Just a quick plug for Atlassian's Git/Mercurial client SourceTree It's a bit like... I dunno, a GPS for git. It took me a while to get a feel for git's multistage local repository model; how an edited file is just there (I think of it as being in a bit of a ghostly state), then you can "add" it, then "commit" it, then finally push it, and maybe then finally finally do a pull request. Having a visual history of branches, and their merges and commit infos, along with all branches locally and remote, and then a third section about the current action... it's so good.

Like with a GPS, I guess there's a chance that I'll be more empowered in general when I have it but less fluent when I don't, but that's a compromise I'm willing to live with, since I can get that understanding of the actual git command line pretty easily when I need to.

Monday, March 7, 2016

google map simplistic example code

I'm really proud of the work I've done on http://jpporchfest.org over the past few years, and I might be helping Brookline get their stuff together- for their first year they might not want to be as high tech as we've been, but I was surprised that I couldn't easily find the work I did to help Plumfest (on Plum Island) assemble their map, so I'm putting this here for future reference: http://kirkdev.alienbill.com/plum2015/

Friday, March 4, 2016

quote on typeface and font

"Typeface is to font as song is to digital audio file."
--Will Ryan.

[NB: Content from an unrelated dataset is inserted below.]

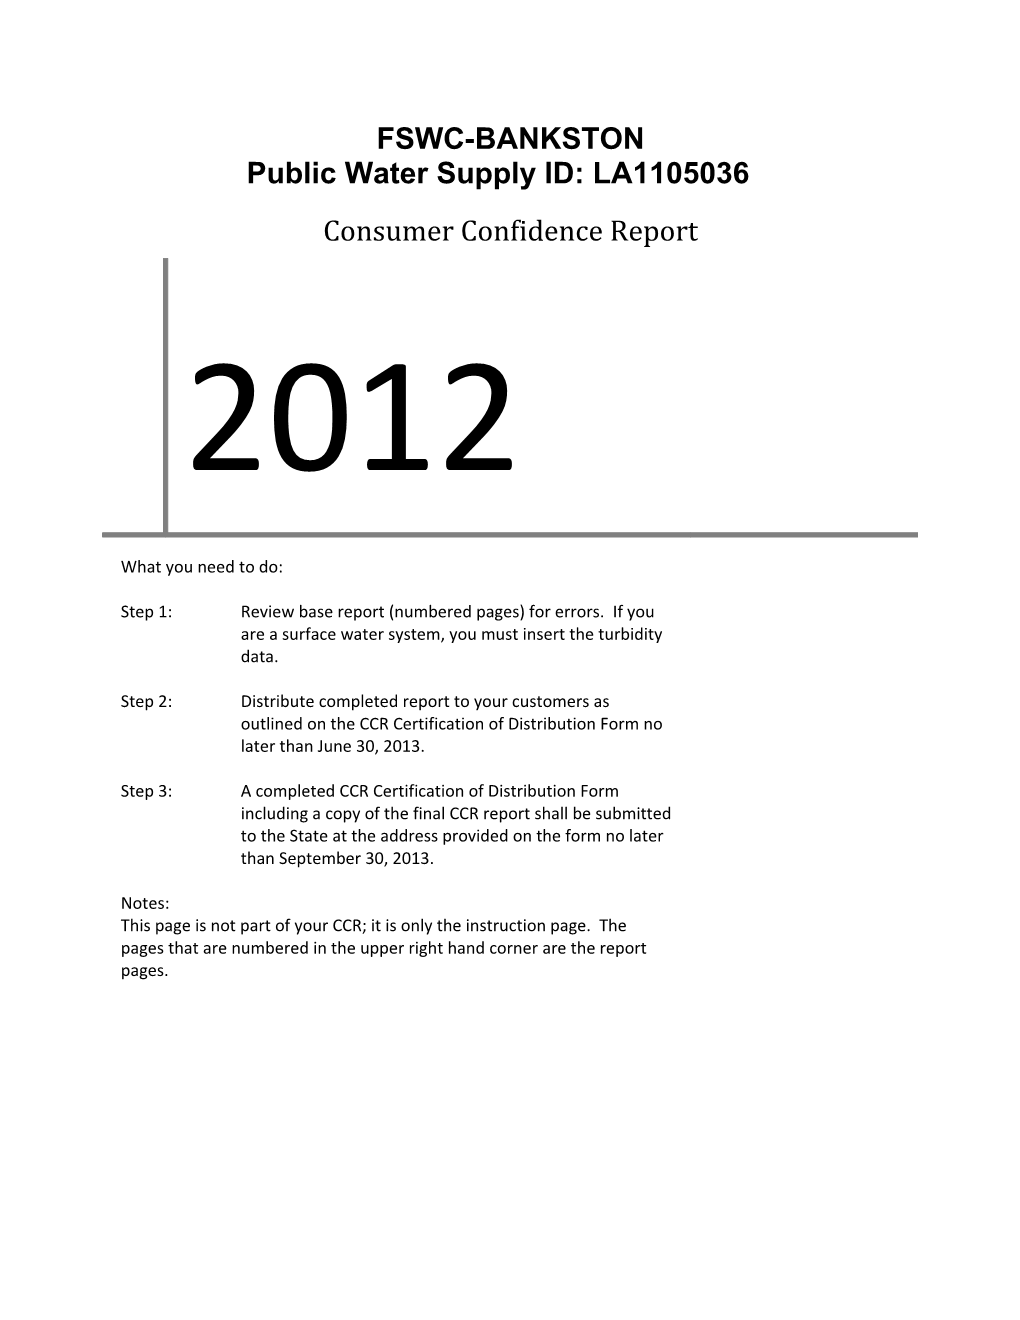 Public Water Supply ID: LA1105036

My design class is taking on typography now...

Thursday, March 3, 2016

angular protractor tip: what requests were made?

I'm building up my testing mojo.

One challenge I'm surprised doesn't get talked about more is keeping your protractor mocks up to date as forms and endpoints change - keeping them in sync seems like a significant challenge, especially if you've used the "pluck data from the console network tab, call that the mock data" method - often the state of the system you're using for that kind of developer testing is pretty arbitrary, and might be different if you tried to redo the mock data straight from the system.

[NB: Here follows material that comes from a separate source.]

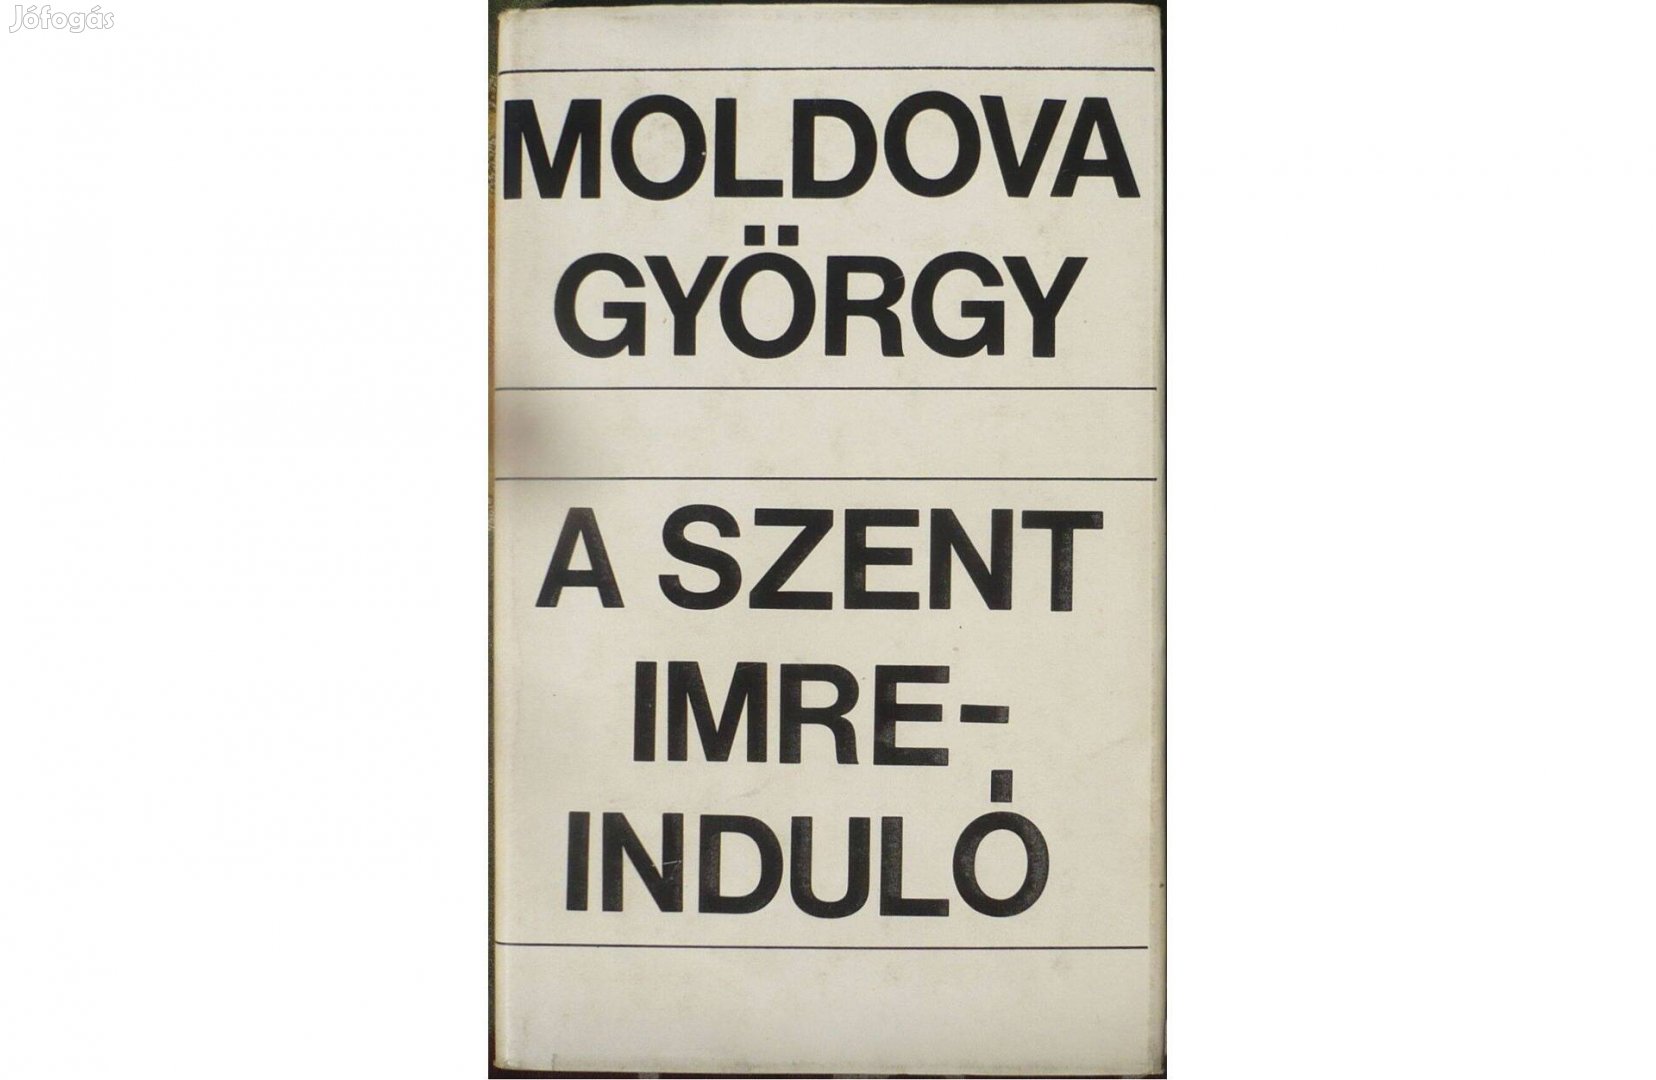 Moldova György: A Szent Imre-induló

I asked about it at work, one developer suggested the test do
afterEach(function () {
    mock.requestsMade().then(function (requests) {
   console.log(requests);
});
});
but that only shows the mocks that were successfully caught; I'm interested in the opposite.

I hunted around without luck at finding the code that intercepts each request (and/or decides to let it pass through if there are no matching mocks) and jamming in some console.log()s. I ended up resorting to doing a browser.pause() or two, opening up the browser's network tab, and doing a visual delta inspection from that. Suboptimal, but got the job done for now.